Have You Seen The List

Hebrew - die stop squareThis morning Israel published the first few names of those we will release as part of the next round of failed peace talks.

It made me sick

The Israel Prisons Service publicized early Monday the list of the first 26 convicted terrorists who will be released as part of Israel’s confidence-building measures to help the restart of peace talks with the Palestinian Authority.

The list included 17 names of prisoners who had murdered Israelis, including Abu-Musa Salam Ali Atia of Fatah, who murdered Holocaust survivor Isaac Rotenberg in a Petah Tikvah construction site in 1994.

According to Almagor, an organization of terror victims’ families that has campaigned against the prisoner release, Rotenberg’s family perished in the Sobibor extermination camp during World War II. Rotenberg escaped and joined the partisans fighting the Nazis in the forests of Eastern Europe. He arrived in Israel in 1947, joined the IDF and fought in Israel’s Independence War on the Lebanese front.

A plasterer by trade, Rotenberg was attacked by Abu Musa and an accomplice at a construction site where all three men worked in March 1994. He sustained repeated blows to the neck with axes. His wounds induced a coma, and he died two days after the attack. He was survived by his brother and sister, who were also survivors of Sobibor, and by a wife and two children.
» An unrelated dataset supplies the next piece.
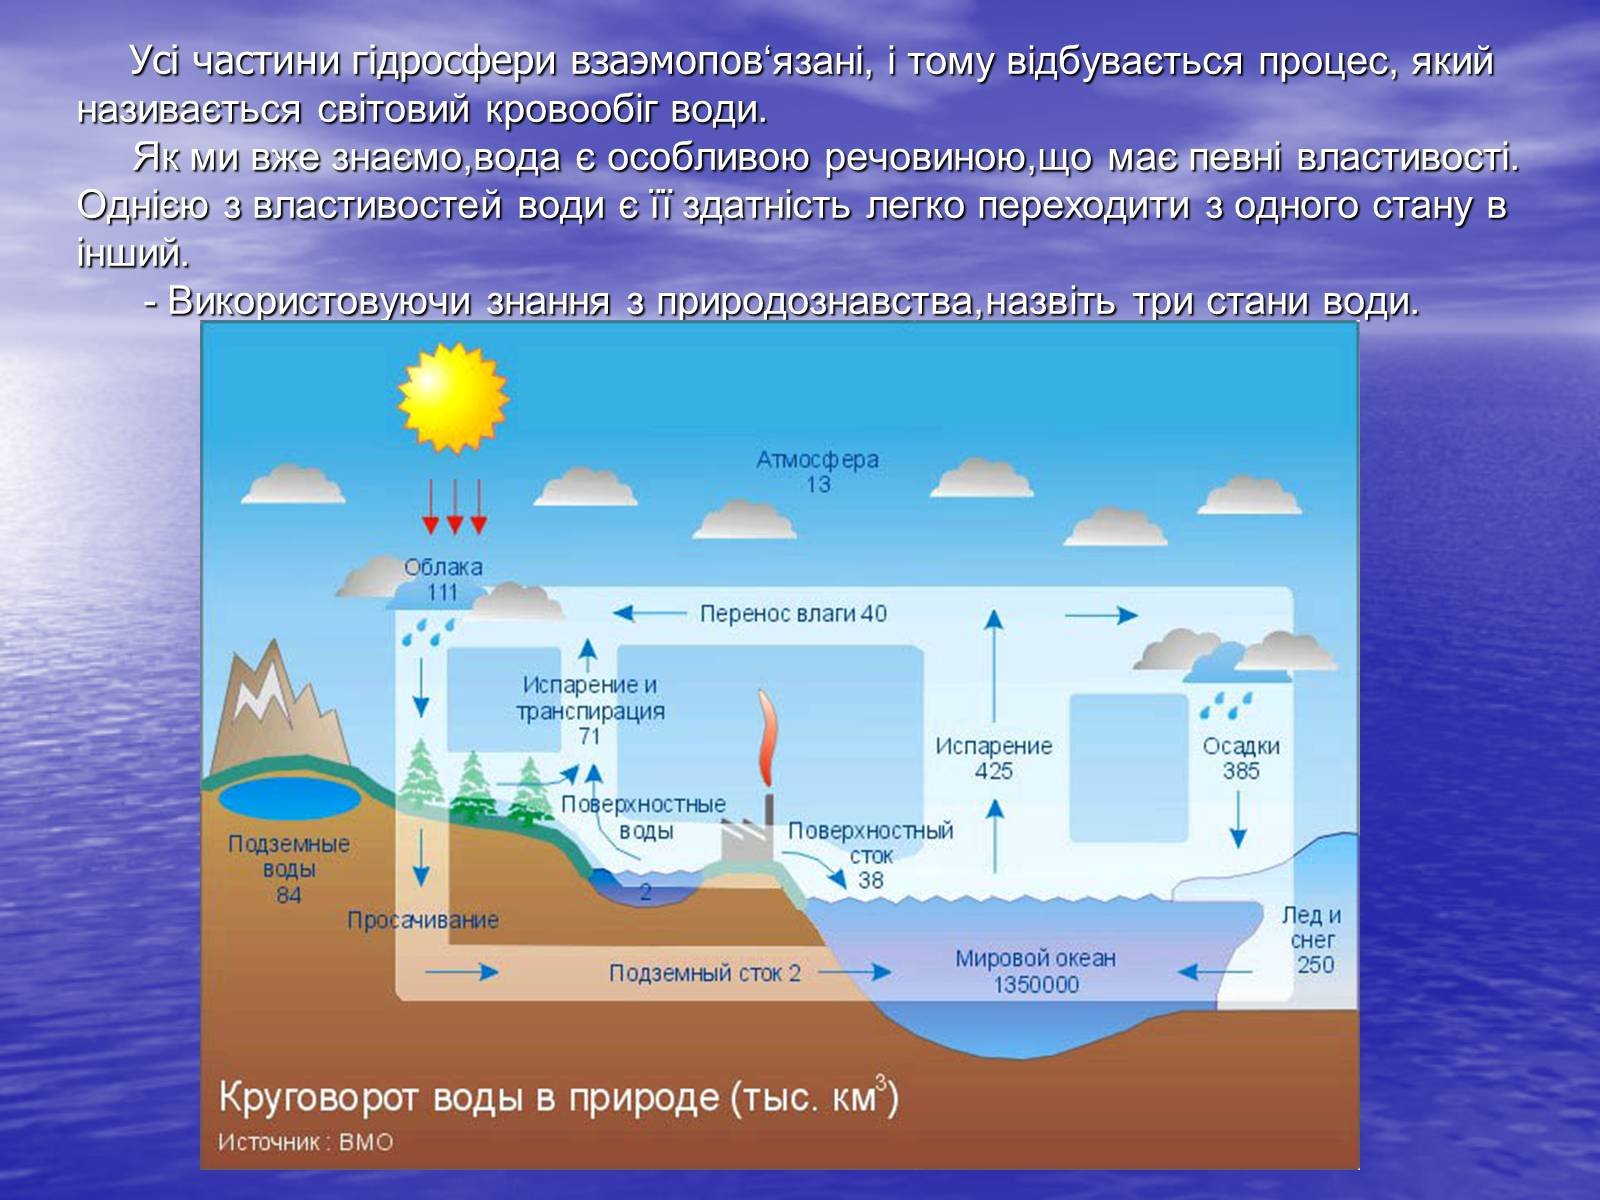 В атмосферной воде содержится. Гидрологический круговорот воды схема. Гидросфера круговорот воды. Гидрологический цикл круговорота воды. Мировой круговорот в природе.

Rotenberg was 67 when he died.

Rotenberg wasn’t the oldest victim of the prisoners who made it onto the list Sunday. Fatah member Ra’ai Ibrahim Salam Ali was jailed in 1994 for the murder of 79-year-old Moris Eisenstatt. Eisenstatt was killed with ax blows to the head while he sat on a public Kfar Saba bench reading a book.

Read the rest if you have the stomach for it.

I responded at the Times of Israel

Has the world had peace with Germany since the end of WWII?

When we finished WWII and the Germans were defeated did they remain proud of their Nazi “achievements”?

Did they hold true to their Nazi ideology, teach it to their children and harbour dreams of it one day rising to conquer the world?

Were Nazi camp guards who pushed Jews onto trains and into ovens held up in society as heroes?

Have Germans continued to teach their kids that one day Germany will be reunited and reclaim its sovereignty over the Sudetenland? Will all the descendants of the 500,000 Germans who were expelled from the Sudetenland by the Beneš decrees (many who had lived there for generations) expect to return to their “homes”?

Read and share the rest.

I illustrated my piece with a simple word in Hebrew: ??. Two letters: Daled – Yud.

It’s a short word that means enough or stop. It can be said in a pleading way: if you tickle a child too much he may say it to you. If a baby is crying you might calm the baby and say it in a soothing voice.

Trouble is it sounds just like “die”. Which was amusing when my mother-in-law sat in Brent Cross shopping centre in London soothing my new born child by saying “die-die-die” over and over to him. People stared.

I am, of course, not playing on this dual meaning at all here. Obviously. Never crossed my mind.

12 thoughts on “Have You Seen The List”

  1. The next time Kerry shows his face in Israel, let’s hope he becomes the target of demonstrations and gets asked tough questions by the media over this.

  2. As for the subject of this topic, it makes me sick too.

    Especially as we know it will be, at best, useless, and far more likely, actually counter-productive (if the aim is peace).

  3. E Pluribus Beagle

    Since their names are known their families can be found. I advocate kidnapping them and using them as bargaining chips.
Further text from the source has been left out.